Orang-orang Portugis dan Spanyol menjelajahi dunia memang untuk mencari emas. Berita-berita tentang negeri emas alias El Dorado menjadi petunjuk bagi arah pelayaran mereka. Sedang kedatangannya ke Sumatera juga dengan petunjuk-petunjuk tersebut. (Masih dari karya BN Teensma;) Prof. Dr. Ing. Heinrich Quiring dalam karya Die Goldinsel des Isidor Von Sevilla, Agypter der 20, Dinastie als Entdecker und Kulturbringer in Ostansien, dimuat dalam majalah Petermanns Geographische Mitteilungen menyebutkan, bahwa dalam abat 12 Sebelum Masehi semasa Tutmosis III dan Ramses III orang-orang Mesir purba mengeksploitasi emas, timah, dan tembaga sampai di tanah-tanah selingkaran Kutub Selatan.

Sebagaimana disebutkan dalam teks-teks papyrus, mereka menjelajahi lautan dengan kapal-kapal dari kayu araz sepanjang sampai 67 meter. Ekspedisi-ekspedisi diikuti sampai sejumlah 10.000 orang. Metoda penambangan mereka terserak di negeri-negeri yang sekarang dikenal sebagai Rhodesia, Afrika Selatan, dan Katanga. Dan metoda Mesir purba itu ternyata juga tertinggal di Sumatra yang ia nyatakan berasal dari masa antara 1200 dan 500 tahun Sebelum Masehi. Dalam bahasa Mesir Zam berarti “emas sungai”, kata Quiring. Unsur kata ini terdapat dalam nama Sungai Zambesi, tapi juga dalam nama Pulau Samatra yang kemudian berubah menjadi Sumatra. Maka ia juga yakin bahwa Sumatra adalah pulau emas legendaris dari masa purba itu, lagi pula Sumatra pulalah satu-satunya tempat di Asia di mana ditemukan bekas-bekas tambang emas antik ala Mesir.

Sumatra dan Soleman

Dalam Perjanjian Lama (Old Testament) Surat Raja-Raja IX dan X disebutkan tentang Raja Soleman yang membangun kapal-kapal dan bersama Raja Hiram mengirimkan ekspedisi ke Ofir, dan membawa dari sana empat ratus dua puluh talenta emas. (Ukuran talenta macam-macam: Attica 26 pon; talenta besar Attica hampir 28 ¼ pon; talenta Mesir Corinthe sekitar 43½ pon, demikian menurun Van Dale Groot Woordenboek der Nederlandse Taal). Emas tersebut dipersembahkan kepada Raja Soleman. Kapal-kapal Hiram membawa juga dari Ofir kayu almugggim dan batu-batuan mulia.
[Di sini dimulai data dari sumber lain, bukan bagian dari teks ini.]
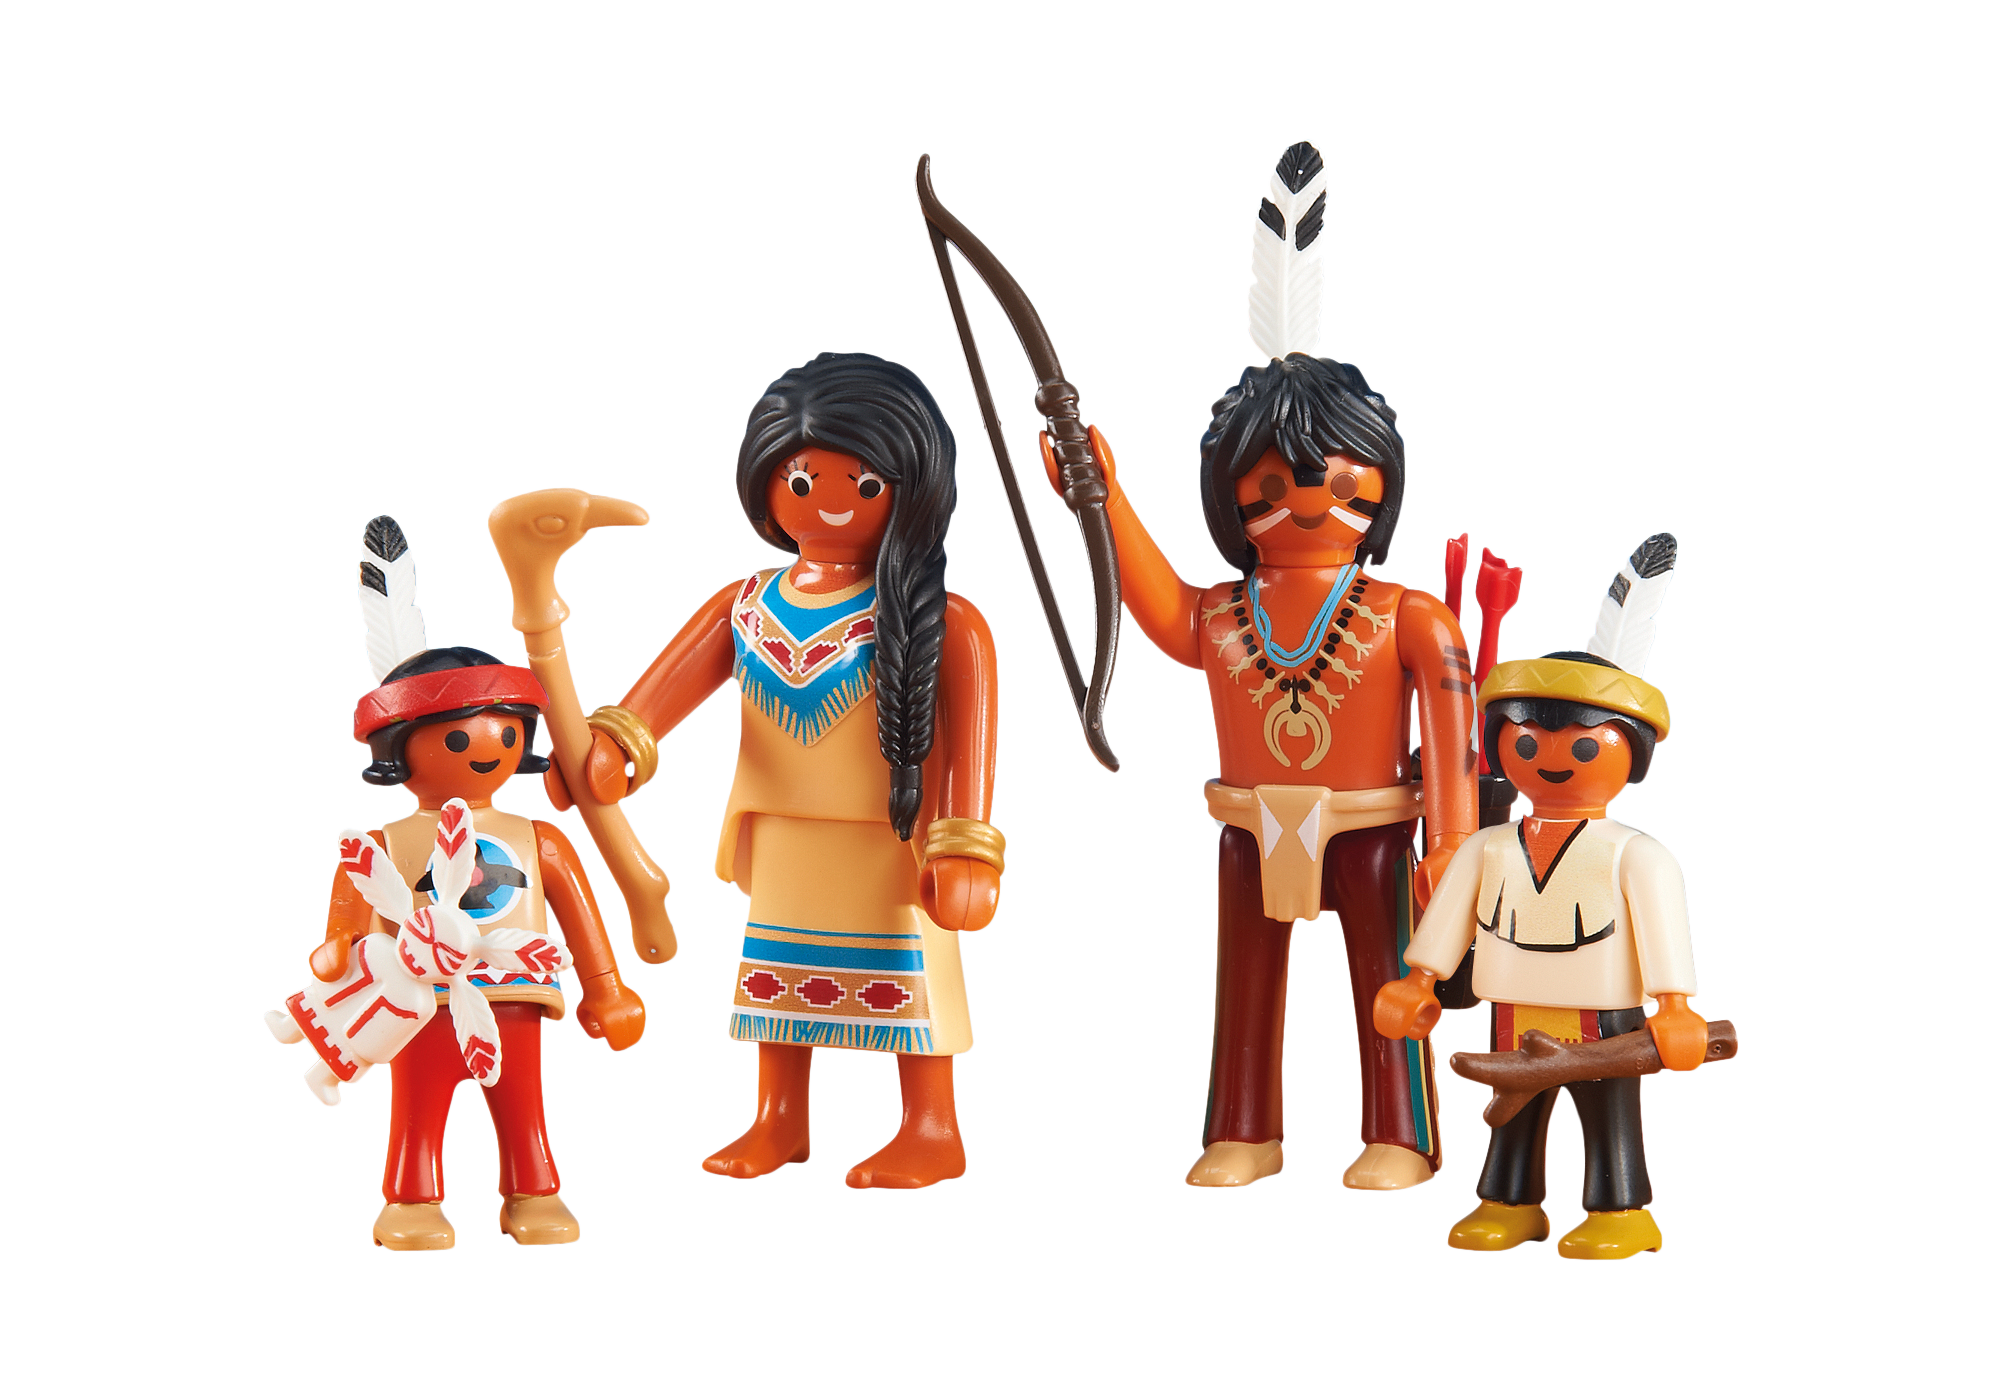 http://media.playmobil.com/i/playmobil/6322_product_detail/Native American Family II

Pada 945 Sebelum Masehi, Raja Soleman mengirimkan armada Phunisia ke Ofir. Tetapi di mana tempatnya tidak diketahui sampai sekarang. Orang hanya menduga negeri-negeri penghasil emas di Afrika dan Asia. Gabriel Ferrand dalam karyanya L’empire Sumatranais de Crivijaya mengutarakan semasa Criwijaya, Pulau Sumatra dalam Sansekerta disebut juga Suvarnadvipa, Suvarnabhumi dan Suvarnapura, yang berarti: Pulau Emas, Negeri Emas, dan Kota Emas. Sedang orang Tionghoa menamainya juga Kintcheou (Pulau Emas). Maka waktu pada awal abad 16 orang Portugis datang di India dan mendengar tentang Ilha de Ouro (Pulau Emas) itu segera mereka angkat jangkar dan menuju ke Sumatra. Peta dunia mereka pada 1502 yang kini masih tersimpan di Biblioteca Estense di Modena, telah memasukkan Sumatra di dalamnya.

Joao de Barros melukiskan ekspedisi Portugis pada 1520 dan 1521 di mana Diogo Pacheco sebagai orang Eropa pertama memasuki Sumatra mencari Pulau Emas itu. Sedang menurut bekas arsivaris Lekkerkerker dalam bukunya Land en Volk van Java ekspedisi itu diperlengkapi untuk pencarian Ofir, negeri emas Soleman, yang diperkirakan salah sebuah dari gunung-gemunung Sumatra.

Bahkan sampai dalam penjajahan Belanda gunung tersebut masih bernama Ofir, yakni di sebelah barat Lubuk Sikaping, puncaknya, Talamau, 2.912 m, berdiri di atas puncak dataran dari Pasaman, 2.190 m, puncak lainnya adalah Nilam.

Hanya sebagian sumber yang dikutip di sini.